York Cathedral is the cathedral’s commonly known name, but it is officially the Cathedral and Metropolitcal Church of St Peter. The first original Church on this site was a temporary wooden church built by King Edwin of Northumbria. The church was built after King Edwin, who was in control of York, married Princess Ethelburga of Kent who persuaded him to convert to Christianity as part of the marriage deal. The church was built for the purpose of King Edwin’s baptism in 627.

After his baptism, Edwin ordered for the church to be rebuilt in stone structure, although he never actually got to see it complete because he was killed in battle in 633. The church was supposedly completed in 640 under King Oswald some time after Saint Paulinus helped King Edwin’s widow and her children back to Kent. The church was then dedicated to St Peter.

In 732 the first Archbishop of York was recognised by the pope.

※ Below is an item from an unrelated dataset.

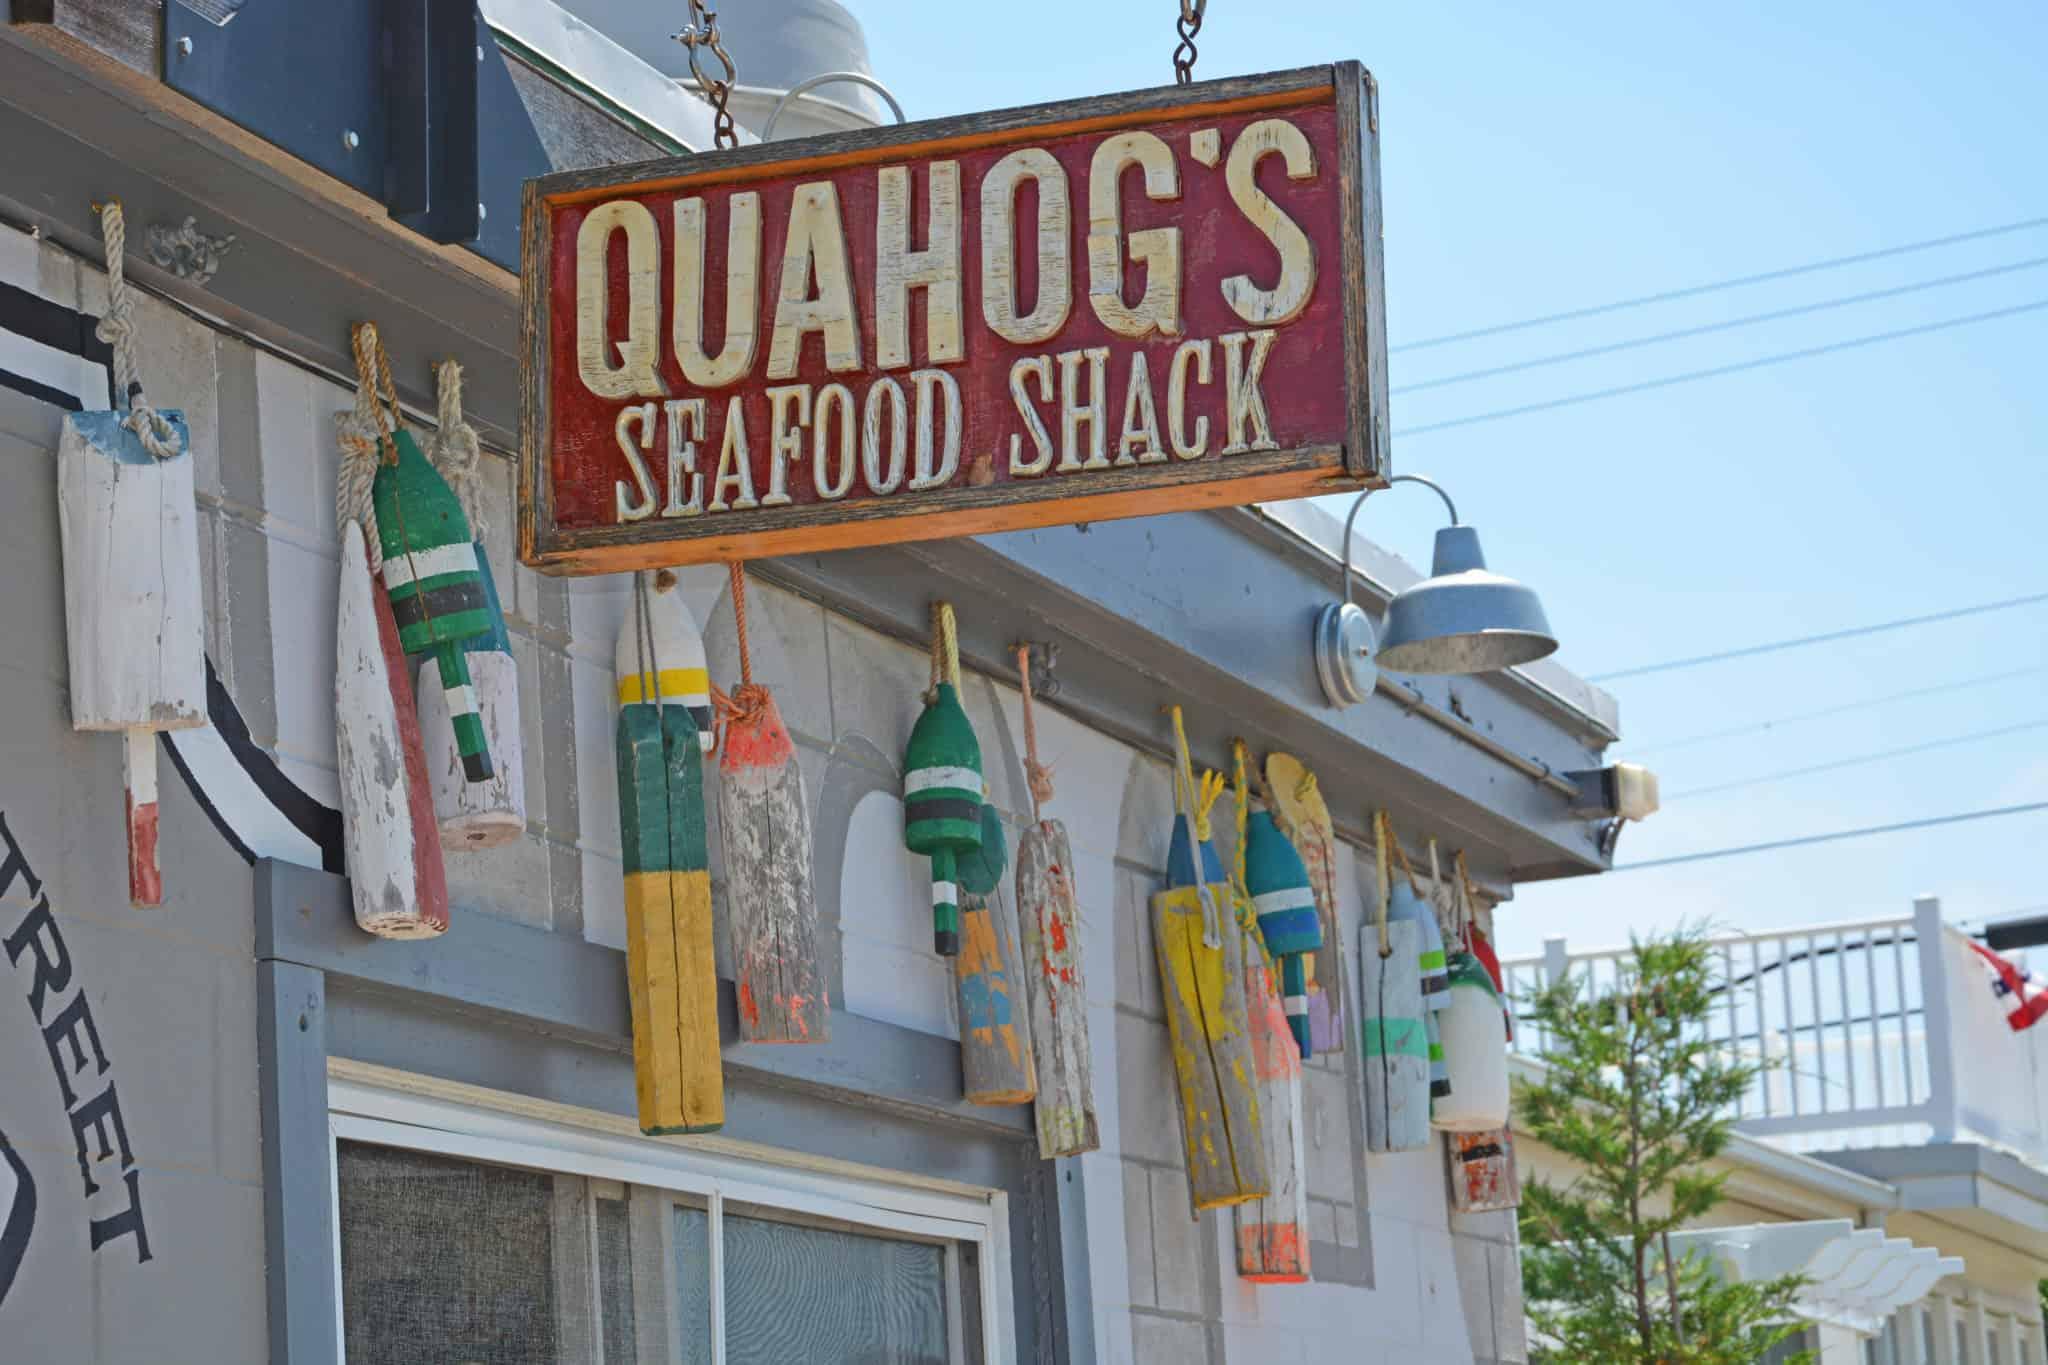 Quahog Seafood Shack

In 741 the church was burnt to the ground and Ecgbert the first Archbishop of York re-built and designed the new lofty structure.

The stone saxon church was ransacked by William the conqueror’s forces in 1069, he then ordered his appointed archbishop to rebuild a Norman Cathedral on the site. It took Archbishop Thomas 20 years to complete the Cathedral. This cathedral was badly damaged in a fire in 1137, this time Archbishop Thomas’s successor Archbishop Roger Pont L’Eveque started to remodel the seating area and chamber in 1154. All the work was completed by 1175 with an addition of two western towers.

The Gothic style church of today took 250 years to build, and was built between 1220 and 1472.

Interesting facts about York Minster

The Cathedral has its own policing The police force was established after a religious fanatic set the church on fire on the 2nd of February 1829, and has had a police force ever since.

Some of its roof was designed by children A children’s programme called Blue Peter hosted a competition to design a roof in 1984 during restoration of the cathedral. The winning designs were art inspired by Neil Armstrong’s first steps on the moon, the raising of Mary Rose and a whale and diver.

The first black Archbishop of the Church Of England led services here Dr. John Sentamu became the first black Archbishop in the church of England in 2005. He became the Archbishop of York and led the services here up until June 2020.

It costs Β£15,000 a day to keep it open We already mentioned the police force but, imagine the cost of heating, lightning and all the other staff.

Its apparently haunted. With York having the reputation of one of Europe’s most haunted cities, it’s probably hardly surprising to hear this. One of the many story’s that pops up is, a man is often seen sitting in the pews.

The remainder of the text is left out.